YOUR TASK>
The data must be returned in full, with no character altered.

(Collected data)
'''

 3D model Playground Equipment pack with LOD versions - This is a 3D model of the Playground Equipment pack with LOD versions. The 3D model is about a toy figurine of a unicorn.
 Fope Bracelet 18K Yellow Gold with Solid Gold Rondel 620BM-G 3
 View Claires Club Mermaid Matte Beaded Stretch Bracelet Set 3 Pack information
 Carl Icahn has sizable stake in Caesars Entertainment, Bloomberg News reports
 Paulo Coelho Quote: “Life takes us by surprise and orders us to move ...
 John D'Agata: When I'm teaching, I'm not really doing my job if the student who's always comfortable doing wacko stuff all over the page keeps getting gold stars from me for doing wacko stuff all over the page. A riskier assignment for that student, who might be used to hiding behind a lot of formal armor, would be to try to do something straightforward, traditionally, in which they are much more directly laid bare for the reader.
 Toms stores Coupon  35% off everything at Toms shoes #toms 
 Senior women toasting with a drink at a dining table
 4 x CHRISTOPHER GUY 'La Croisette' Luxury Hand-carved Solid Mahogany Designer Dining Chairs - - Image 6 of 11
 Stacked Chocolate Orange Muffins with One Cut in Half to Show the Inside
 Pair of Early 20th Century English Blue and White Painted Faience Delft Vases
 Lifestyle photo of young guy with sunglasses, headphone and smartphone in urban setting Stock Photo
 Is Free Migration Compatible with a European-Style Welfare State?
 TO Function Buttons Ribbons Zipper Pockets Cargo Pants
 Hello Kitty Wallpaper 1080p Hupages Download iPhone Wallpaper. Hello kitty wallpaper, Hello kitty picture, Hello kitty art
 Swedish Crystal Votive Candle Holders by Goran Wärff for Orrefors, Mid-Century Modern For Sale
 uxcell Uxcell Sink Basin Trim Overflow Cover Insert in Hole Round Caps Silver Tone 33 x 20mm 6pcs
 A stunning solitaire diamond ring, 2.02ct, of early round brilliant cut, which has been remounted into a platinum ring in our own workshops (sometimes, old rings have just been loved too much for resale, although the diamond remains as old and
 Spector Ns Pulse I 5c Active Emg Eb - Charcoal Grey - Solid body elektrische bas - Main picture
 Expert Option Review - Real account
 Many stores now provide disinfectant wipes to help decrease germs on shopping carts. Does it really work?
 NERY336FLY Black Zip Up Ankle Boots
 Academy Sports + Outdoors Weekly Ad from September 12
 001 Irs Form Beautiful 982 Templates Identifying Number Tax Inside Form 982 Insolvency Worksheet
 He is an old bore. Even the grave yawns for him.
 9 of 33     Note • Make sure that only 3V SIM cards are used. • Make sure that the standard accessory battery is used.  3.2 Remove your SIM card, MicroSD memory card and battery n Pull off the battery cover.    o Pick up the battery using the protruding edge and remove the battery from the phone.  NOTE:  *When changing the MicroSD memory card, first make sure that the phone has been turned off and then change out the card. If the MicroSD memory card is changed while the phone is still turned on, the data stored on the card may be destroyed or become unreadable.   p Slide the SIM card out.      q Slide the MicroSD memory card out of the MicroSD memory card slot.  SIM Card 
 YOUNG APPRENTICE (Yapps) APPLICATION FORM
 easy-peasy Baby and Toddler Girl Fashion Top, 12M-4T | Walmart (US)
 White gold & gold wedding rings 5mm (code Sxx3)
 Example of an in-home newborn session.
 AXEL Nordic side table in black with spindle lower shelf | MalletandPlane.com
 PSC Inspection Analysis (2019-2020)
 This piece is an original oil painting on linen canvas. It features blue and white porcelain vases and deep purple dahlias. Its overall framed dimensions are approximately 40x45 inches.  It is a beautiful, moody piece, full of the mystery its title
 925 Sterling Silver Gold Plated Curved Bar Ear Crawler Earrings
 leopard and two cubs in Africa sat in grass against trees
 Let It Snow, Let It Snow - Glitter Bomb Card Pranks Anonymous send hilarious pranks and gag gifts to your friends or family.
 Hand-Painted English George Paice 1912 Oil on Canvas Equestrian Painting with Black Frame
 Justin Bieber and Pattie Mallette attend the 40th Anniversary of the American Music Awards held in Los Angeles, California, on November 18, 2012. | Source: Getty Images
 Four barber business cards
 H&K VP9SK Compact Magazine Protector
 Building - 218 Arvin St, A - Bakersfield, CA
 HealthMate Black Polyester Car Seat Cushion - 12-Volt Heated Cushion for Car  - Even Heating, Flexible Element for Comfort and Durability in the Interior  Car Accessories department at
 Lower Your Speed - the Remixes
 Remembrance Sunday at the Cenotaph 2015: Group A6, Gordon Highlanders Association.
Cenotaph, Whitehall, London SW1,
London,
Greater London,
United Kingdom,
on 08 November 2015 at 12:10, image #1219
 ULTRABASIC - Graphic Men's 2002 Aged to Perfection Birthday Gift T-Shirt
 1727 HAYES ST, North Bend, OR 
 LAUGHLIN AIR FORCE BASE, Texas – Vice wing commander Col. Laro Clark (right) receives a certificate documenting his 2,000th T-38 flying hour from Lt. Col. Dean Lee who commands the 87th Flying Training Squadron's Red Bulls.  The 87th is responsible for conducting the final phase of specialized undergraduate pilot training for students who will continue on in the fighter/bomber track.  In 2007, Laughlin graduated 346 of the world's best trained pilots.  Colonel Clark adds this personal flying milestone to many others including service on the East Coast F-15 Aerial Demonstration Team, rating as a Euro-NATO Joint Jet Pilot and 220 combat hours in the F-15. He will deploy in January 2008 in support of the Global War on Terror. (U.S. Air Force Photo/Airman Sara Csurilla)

'''

OUTPUT FOR THIS EXERCISE>
 3D model Playground Equipment pack with LOD versions - This is a 3D model of the Playground Equipment pack with LOD versions. The 3D model is about a toy figurine of a unicorn.
 Fope Bracelet 18K Yellow Gold with Solid Gold Rondel 620BM-G 3
 View Claires Club Mermaid Matte Beaded Stretch Bracelet Set 3 Pack information
 Carl Icahn has sizable stake in Caesars Entertainment, Bloomberg News reports
 Paulo Coelho Quote: “Life takes us by surprise and orders us to move ...
 John D'Agata: When I'm teaching, I'm not really doing my job if the student who's always comfortable doing wacko stuff all over the page keeps getting gold stars from me for doing wacko stuff all over the page. A riskier assignment for that student, who might be used to hiding behind a lot of formal armor, would be to try to do something straightforward, traditionally, in which they are much more directly laid bare for the reader.
 Toms stores Coupon  35% off everything at Toms shoes #toms 
 Senior women toasting with a drink at a dining table
 4 x CHRISTOPHER GUY 'La Croisette' Luxury Hand-carved Solid Mahogany Designer Dining Chairs - - Image 6 of 11
 Stacked Chocolate Orange Muffins with One Cut in Half to Show the Inside
 Pair of Early 20th Century English Blue and White Painted Faience Delft Vases
 Lifestyle photo of young guy with sunglasses, headphone and smartphone in urban setting Stock Photo
 Is Free Migration Compatible with a European-Style Welfare State?
 TO Function Buttons Ribbons Zipper Pockets Cargo Pants
 Hello Kitty Wallpaper 1080p Hupages Download iPhone Wallpaper. Hello kitty wallpaper, Hello kitty picture, Hello kitty art
 Swedish Crystal Votive Candle Holders by Goran Wärff for Orrefors, Mid-Century Modern For Sale
 uxcell Uxcell Sink Basin Trim Overflow Cover Insert in Hole Round Caps Silver Tone 33 x 20mm 6pcs
 A stunning solitaire diamond ring, 2.02ct, of early round brilliant cut, which has been remounted into a platinum ring in our own workshops (sometimes, old rings have just been loved too much for resale, although the diamond remains as old and
 Spector Ns Pulse I 5c Active Emg Eb - Charcoal Grey - Solid body elektrische bas - Main picture
 Expert Option Review - Real account
 Many stores now provide disinfectant wipes to help decrease germs on shopping carts. Does it really work?
 NERY336FLY Black Zip Up Ankle Boots
 Academy Sports + Outdoors Weekly Ad from September 12
 001 Irs Form Beautiful 982 Templates Identifying Number Tax Inside Form 982 Insolvency Worksheet
 He is an old bore. Even the grave yawns for him.
 9 of 33     Note • Make sure that only 3V SIM cards are used. • Make sure that the standard accessory battery is used.  3.2 Remove your SIM card, MicroSD memory card and battery n Pull off the battery cover.    o Pick up the battery using the protruding edge and remove the battery from the phone.  NOTE:  *When changing the MicroSD memory card, first make sure that the phone has been turned off and then change out the card. If the MicroSD memory card is changed while the phone is still turned on, the data stored on the card may be destroyed or become unreadable.   p Slide the SIM card out.      q Slide the MicroSD memory card out of the MicroSD memory card slot.  SIM Card 
 YOUNG APPRENTICE (Yapps) APPLICATION FORM
 easy-peasy Baby and Toddler Girl Fashion Top, 12M-4T | Walmart (US)
 White gold & gold wedding rings 5mm (code Sxx3)
 Example of an in-home newborn session.
 AXEL Nordic side table in black with spindle lower shelf | MalletandPlane.com
 PSC Inspection Analysis (2019-2020)
 This piece is an original oil painting on linen canvas. It features blue and white porcelain vases and deep purple dahlias. Its overall framed dimensions are approximately 40x45 inches.  It is a beautiful, moody piece, full of the mystery its title
 925 Sterling Silver Gold Plated Curved Bar Ear Crawler Earrings
 leopard and two cubs in Africa sat in grass against trees
 Let It Snow, Let It Snow - Glitter Bomb Card Pranks Anonymous send hilarious pranks and gag gifts to your friends or family.
 Hand-Painted English George Paice 1912 Oil on Canvas Equestrian Painting with Black Frame
 Justin Bieber and Pattie Mallette attend the 40th Anniversary of the American Music Awards held in Los Angeles, California, on November 18, 2012. | Source: Getty Images
 Four barber business cards
 H&K VP9SK Compact Magazine Protector
 Building - 218 Arvin St, A - Bakersfield, CA
 HealthMate Black Polyester Car Seat Cushion - 12-Volt Heated Cushion for Car  - Even Heating, Flexible Element for Comfort and Durability in the Interior  Car Accessories department at
 Lower Your Speed - the Remixes
 Remembrance Sunday at the Cenotaph 2015: Group A6, Gordon Highlanders Association.
Cenotaph, Whitehall, London SW1,
London,
Greater London,
United Kingdom,
on 08 November 2015 at 12:10, image #1219
 ULTRABASIC - Graphic Men's 2002 Aged to Perfection Birthday Gift T-Shirt
 1727 HAYES ST, North Bend, OR 
 LAUGHLIN AIR FORCE BASE, Texas – Vice wing commander Col. Laro Clark (right) receives a certificate documenting his 2,000th T-38 flying hour from Lt. Col. Dean Lee who commands the 87th Flying Training Squadron's Red Bulls.  The 87th is responsible for conducting the final phase of specialized undergraduate pilot training for students who will continue on in the fighter/bomber track.  In 2007, Laughlin graduated 346 of the world's best trained pilots.  Colonel Clark adds this personal flying milestone to many others including service on the East Coast F-15 Aerial Demonstration Team, rating as a Euro-NATO Joint Jet Pilot and 220 combat hours in the F-15. He will deploy in January 2008 in support of the Global War on Terror. (U.S. Air Force Photo/Airman Sara Csurilla)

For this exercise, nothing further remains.